The truth is, most folks simply refuse to give their bodies the acclimation time it needs before they make a mental assertion that something works/doesn't work.
If you are accurate in your logging (This is super important), and you up calories by a large amount, and add in new exercise...expect 4-6 weeks for your body to acclimate. Some acclimate faster, some slower. But if you base your success/failure on a small sample size (Timeframe), you end up spinning your wheels.
And then again, it may not work for you. I'm not saying it will.
It takes a fair amount of time if you really want to "dial" in your body and figure out what your true maintenance is, and remove the fluctuation your body takes because of changes.0 -
I just think you need to be brutally honest here. I'm just starting out myself, so I'm certainly no expert, but I think the fact that you are eating two entire containers of Ben and Jerry's in one day on top of stuff like pizza and chips and all that else is to blame, not eating back any calories you might have burned. I don't know your weight, but I looked at your pics and I don't think you're much bigger than I am and yet your calorie allowance says 3500 a day? If you're 'allowed' 3500 calories and then on top of that you are 'eating back' the supposed 200 calories you are logging for exercise, that's 5500 calories a day. You can't honestly think that's correct, that you ought to lose weight that way?

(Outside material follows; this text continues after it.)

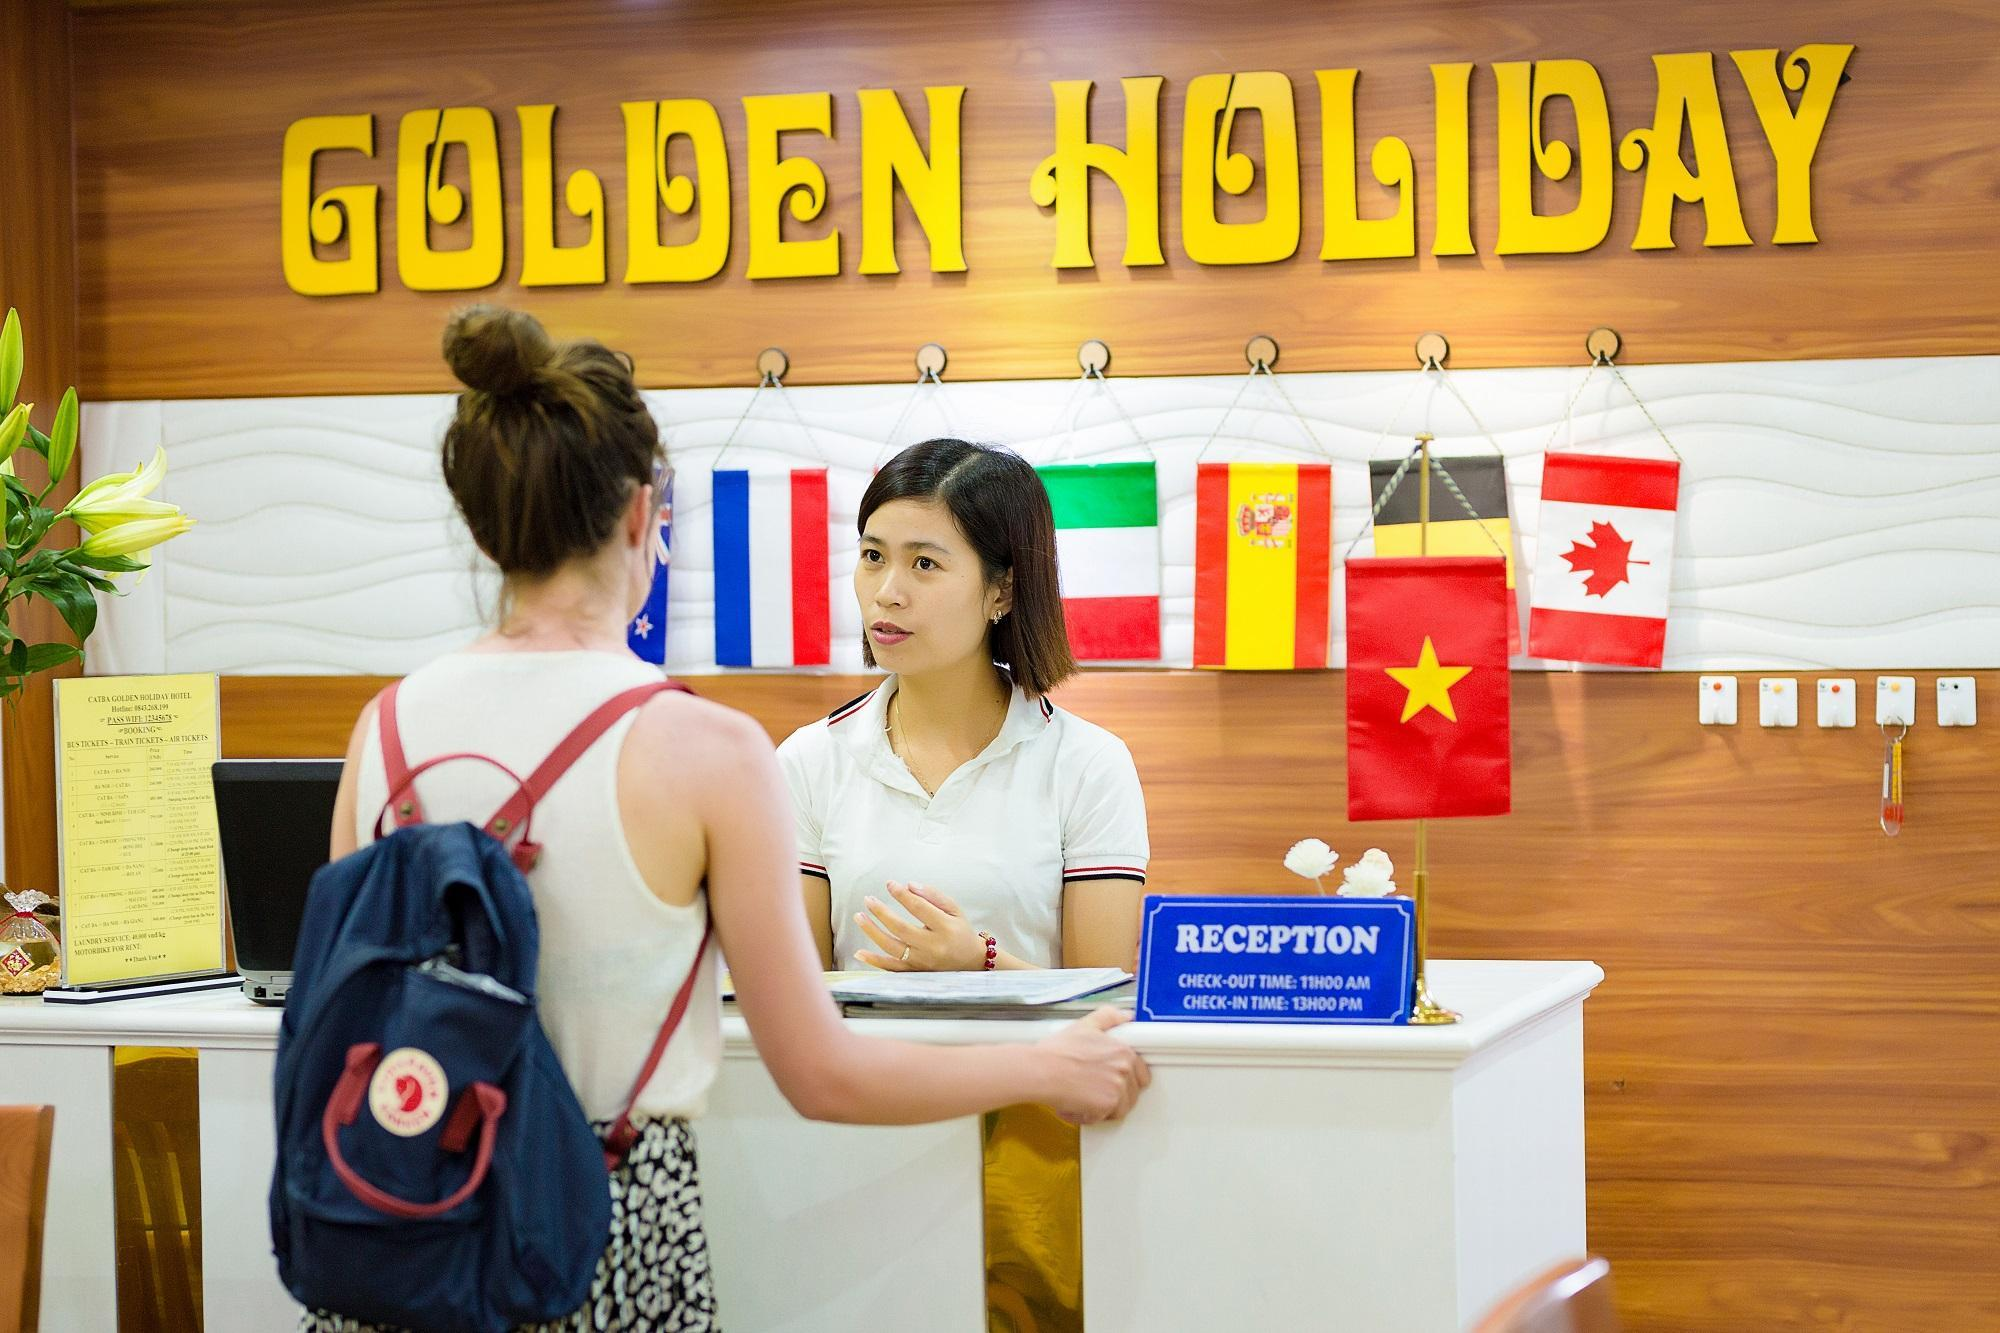 CB Golden Holiday Hotel

Time to be honest, is all. You can't have 'dinners' like you had on Monday of a container of Ben & Jerry's, some rice cakes and two cups of salsa and expect you'll lose weight. You just can't, that's not how it works. I won't even touch that astonishing 7100 grams of sodium in one day thing. That's, like, a whole week's worth in one day.0 -
I've read the topics here on eating back exercise cals and had some comments that said I needed to eat more. But I'm here to say that eating back the cals is making me gain. I've put on five pounds and it's NOT muscle.
I'm going back to what was working, 1200-1400 cals a day and keeping my workout cals burned to boost my fat loss.

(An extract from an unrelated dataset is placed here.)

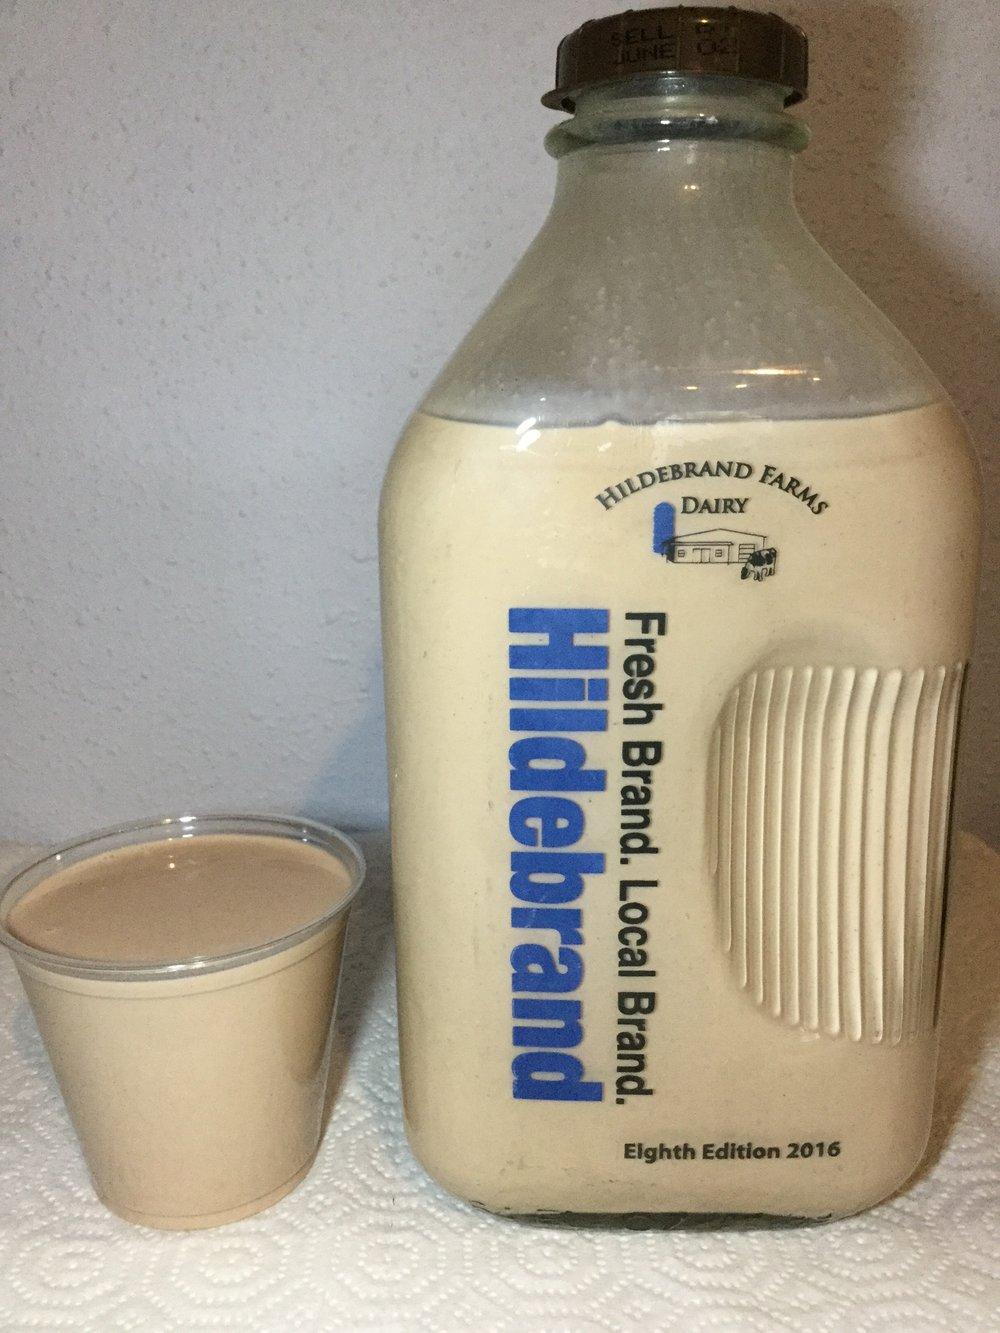 Hildebrand Farms Dairy Chocolate Milk Cup

The theory sounds good, eat more and lose, but it's not happening for me.
I also think that MFP way inflates the cals earned during exercise.
A few notes:
-Yes, the MFP calorie burn numbers are often greatly exaggerated, and if you follow their "eat back your exercise calories" system going off of their estimated calorie burn amounts you may be setting yourself up for failure. A HRM is basically a must if you want to use their system.

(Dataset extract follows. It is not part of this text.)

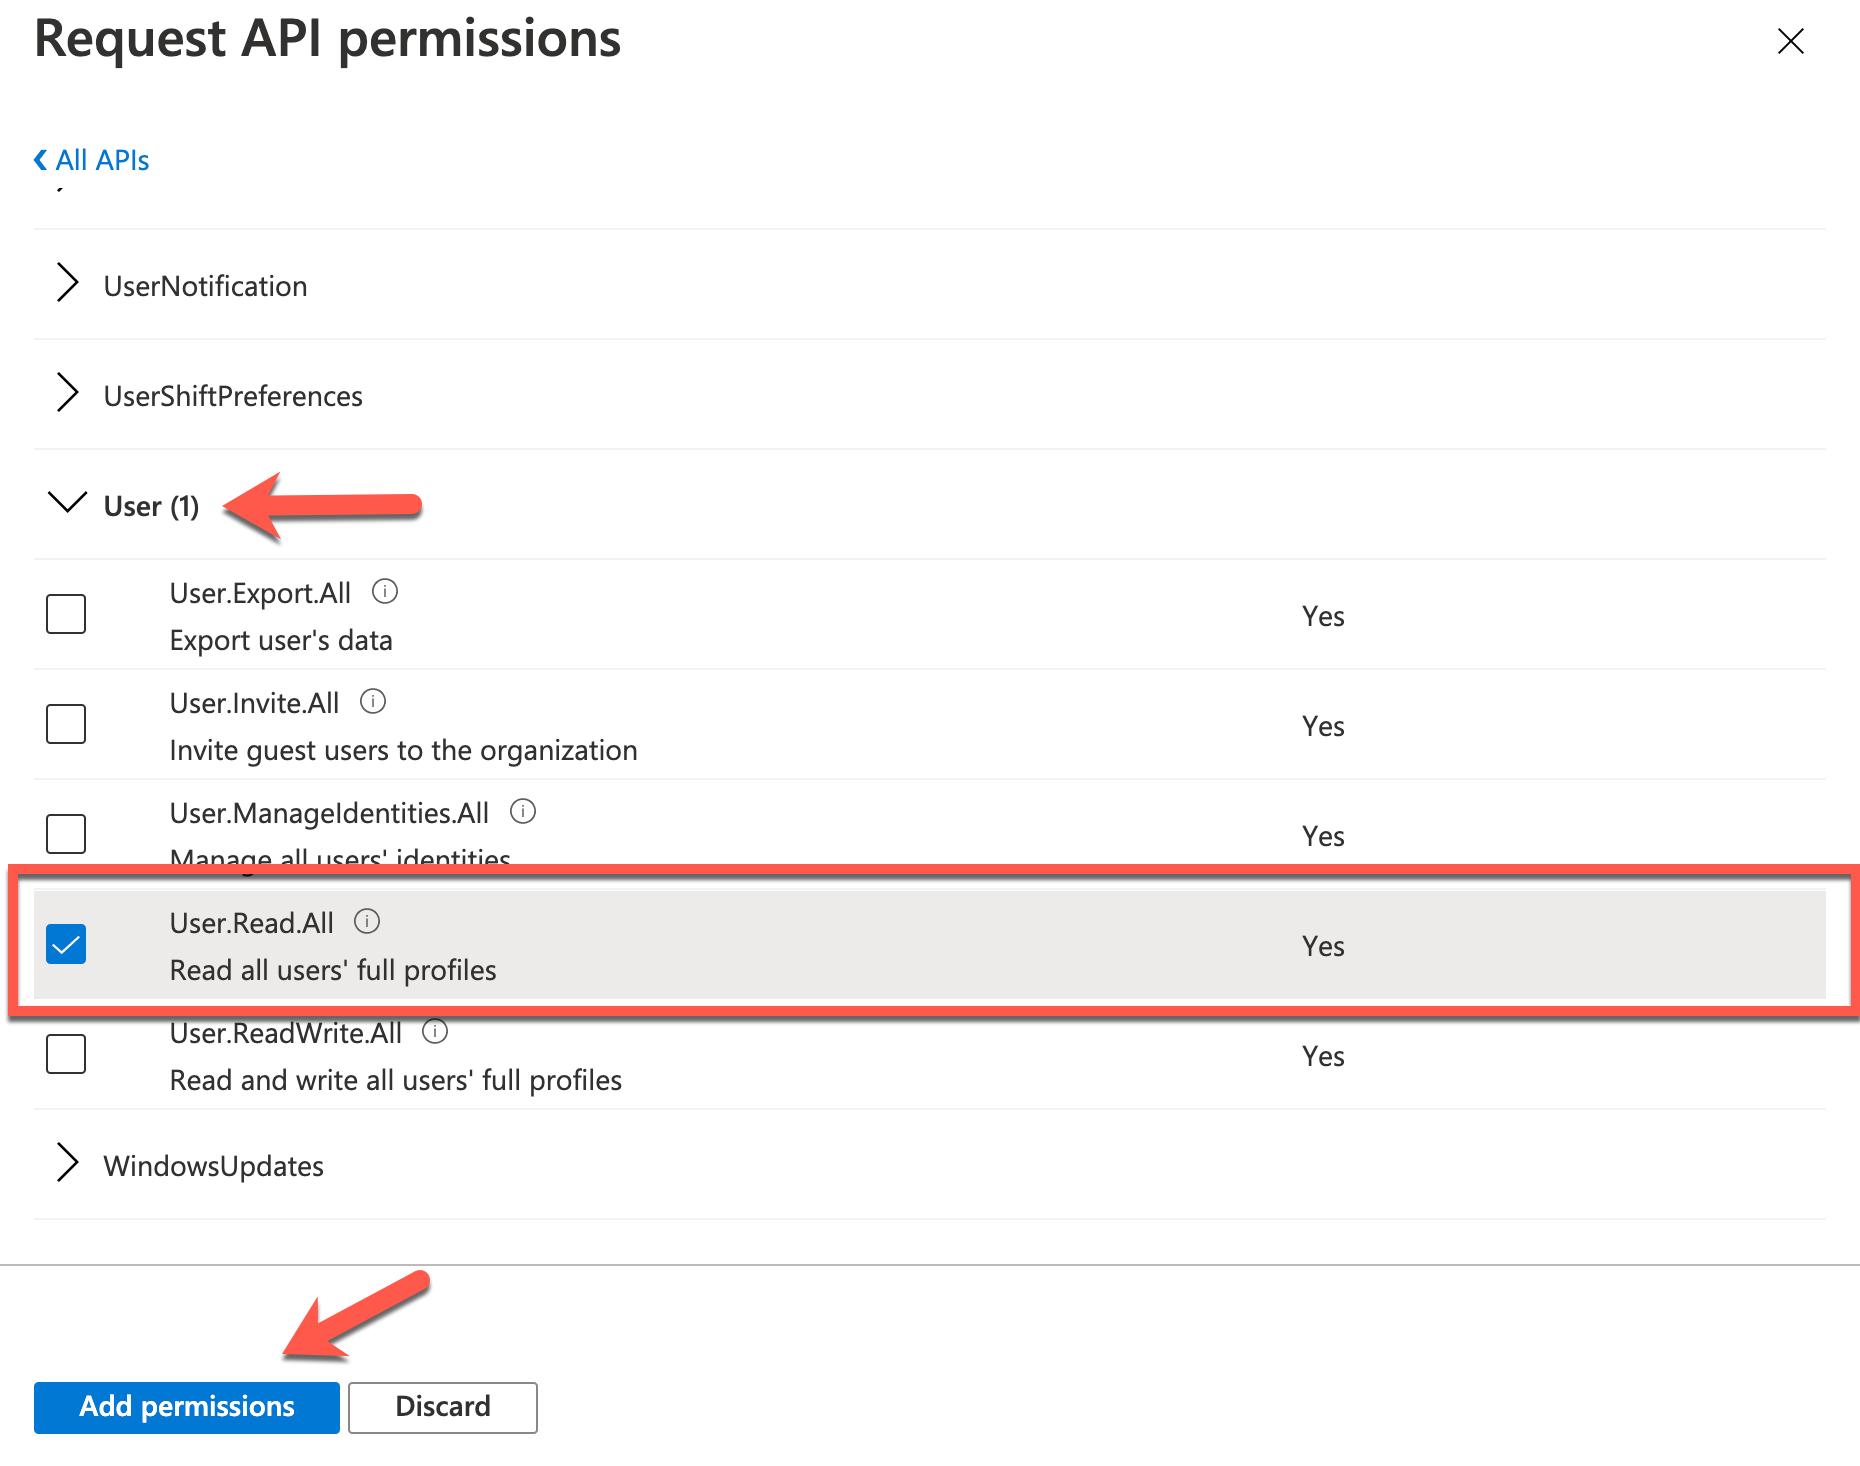 Azure Console - Adding API Permissions (Example permission)

-The MFP system is based on NOT factoring your exercise into your daily activity level when initially determining your calorie goals. Most other systems DO have you factoring that in. If the exercise you are doing is anything more than light to moderate in intensity, it is better to go with one of these systems instead. Use a calculator such as the one found at scoobysworkshop.com to determine what your daily calorie goals are after factoring this in and manually edit the MFP numbers.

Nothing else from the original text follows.